They might not be saving as much specifically for their retirement as boomers are, but millennials have better financial habits.
That’s according to the Retirement Saving and Spending Study from T. Rowe Price, which found that millennials with 401(k)s have relatively good financial habits, in particular when compared with boomers with 401(k)s.
Millennials might not be socking away the 15 percent of their salary each year for retirement that the company recommends, but they recognize that retirement saving is important, and they’re interested in saving more.
And boomers aren’t saving that much, either; they put away an average of 9 percent of their pay (median 8 percent), compared with millennials, who are saving an average of 8 percent (median 6 percent).

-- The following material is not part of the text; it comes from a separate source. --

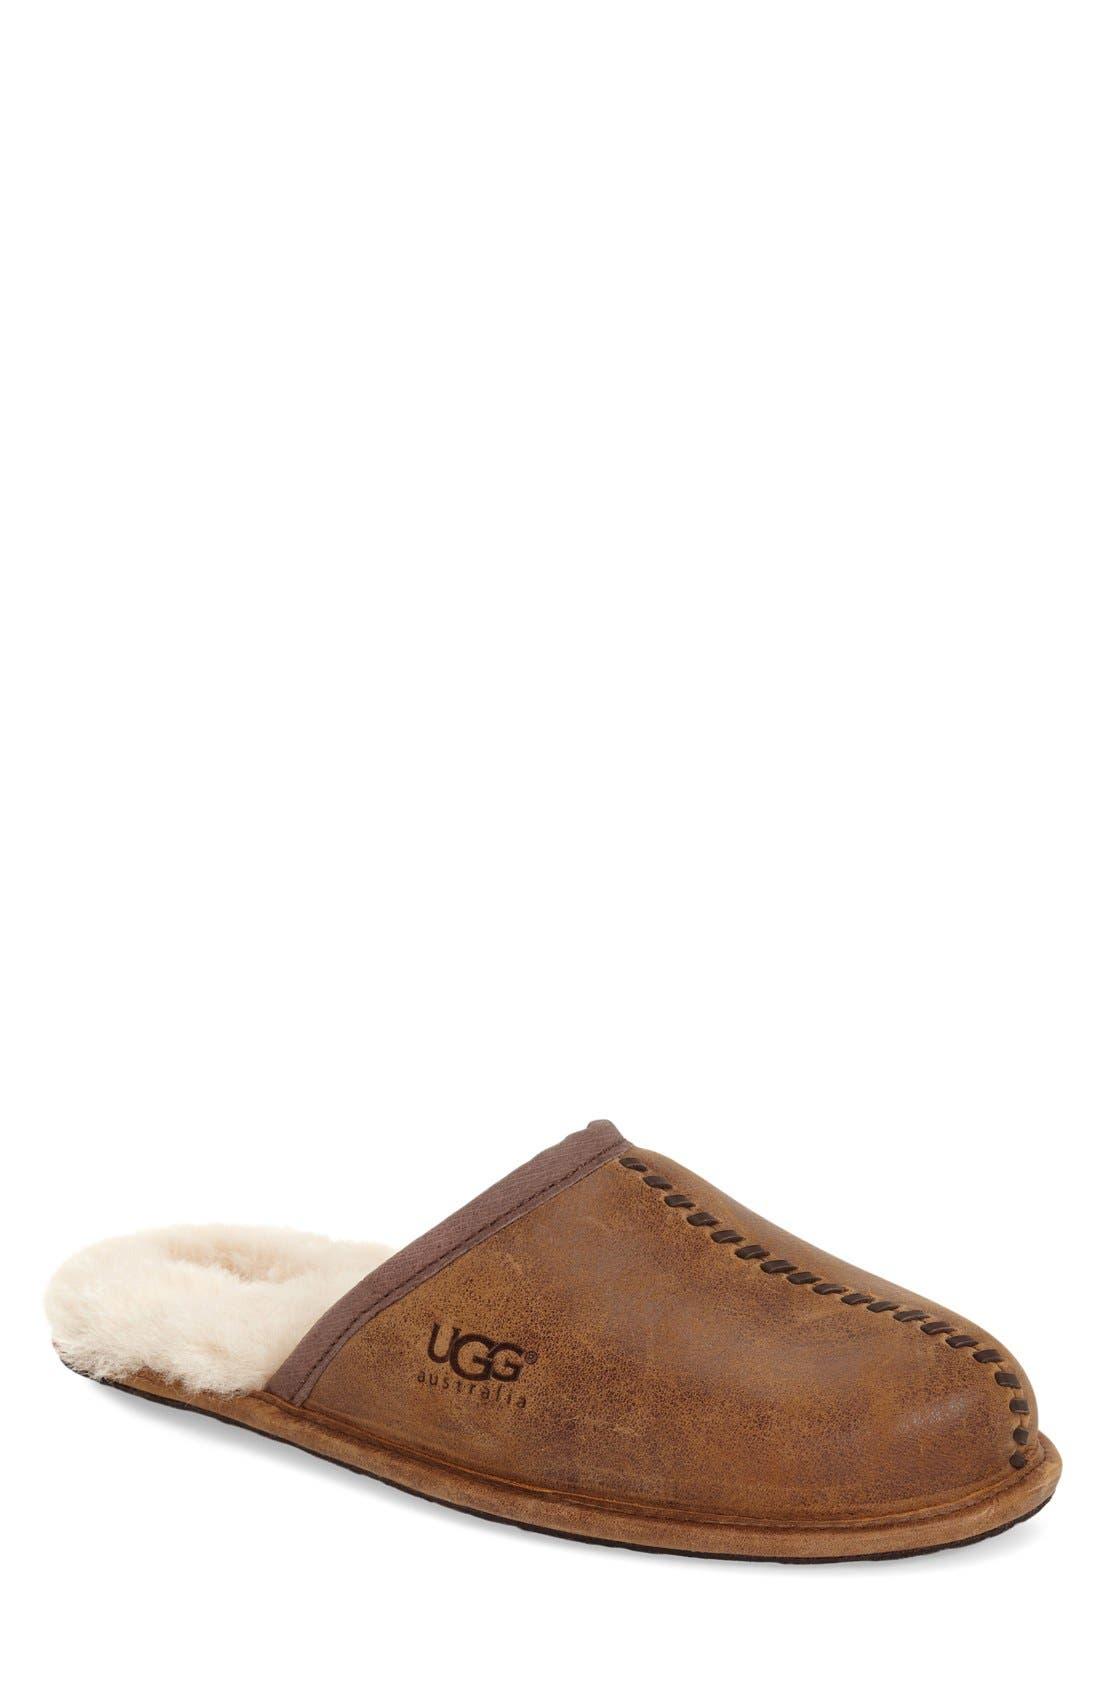 Scuff - Deco Genuine Shearling Slipper,                         Main,                         color, 219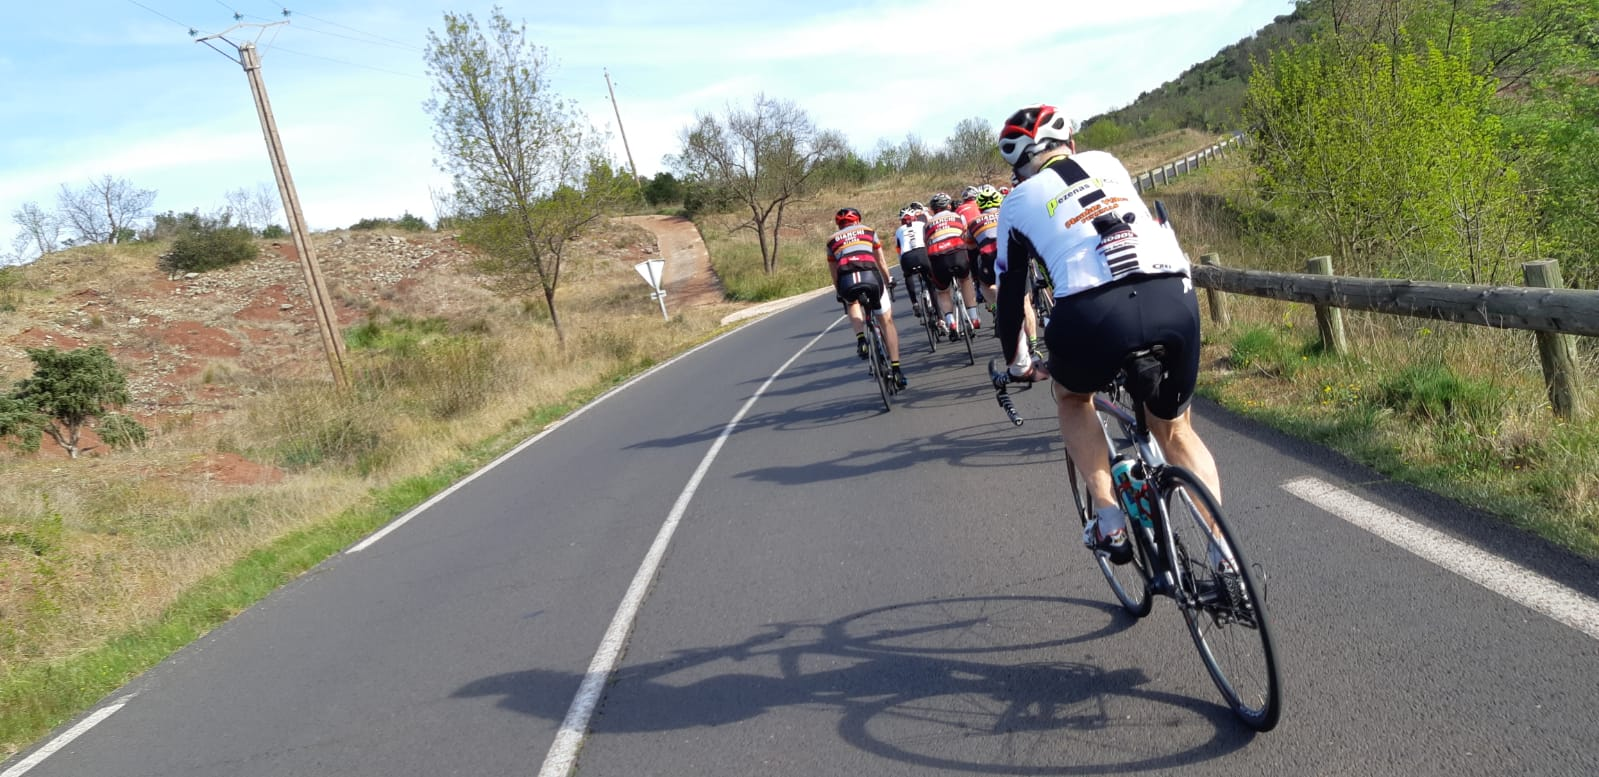 (22.03.2019) Brevet-Audax des 200 km

They’re doing much better than their elders in other ways, too. When it comes to carefully tracking their expenses, 75 percent of millennials do so, compared with only 64 percent of boomers, and they also stick to a budget better (67 percent of millennials, compared with 55 percent of boomers).
Boomers might be saving slightly more for retirement than millennials, but 40 percent of millennials have increased their retirement savings within the last 12 months, compared with just 21 percent of boomers. That’s likely because millennials put 401(k) savings (below the company match level) and paying down debt on a par with one another, the study said.
More millennials also wish that their employers had started them off at a higher rate of savings than boomers, too. Among those who were auto-enrolled in their plans, 47 percent of millennials mourned that lost opportunity, compared with just 34 percent of auto-enrolled boomers.
Millennials also claim to be living within their means—88 percent of respondents said so—and 67 percent said they save by any means necessary, with 72 percent saying they’re better off financially than their parents were at their age.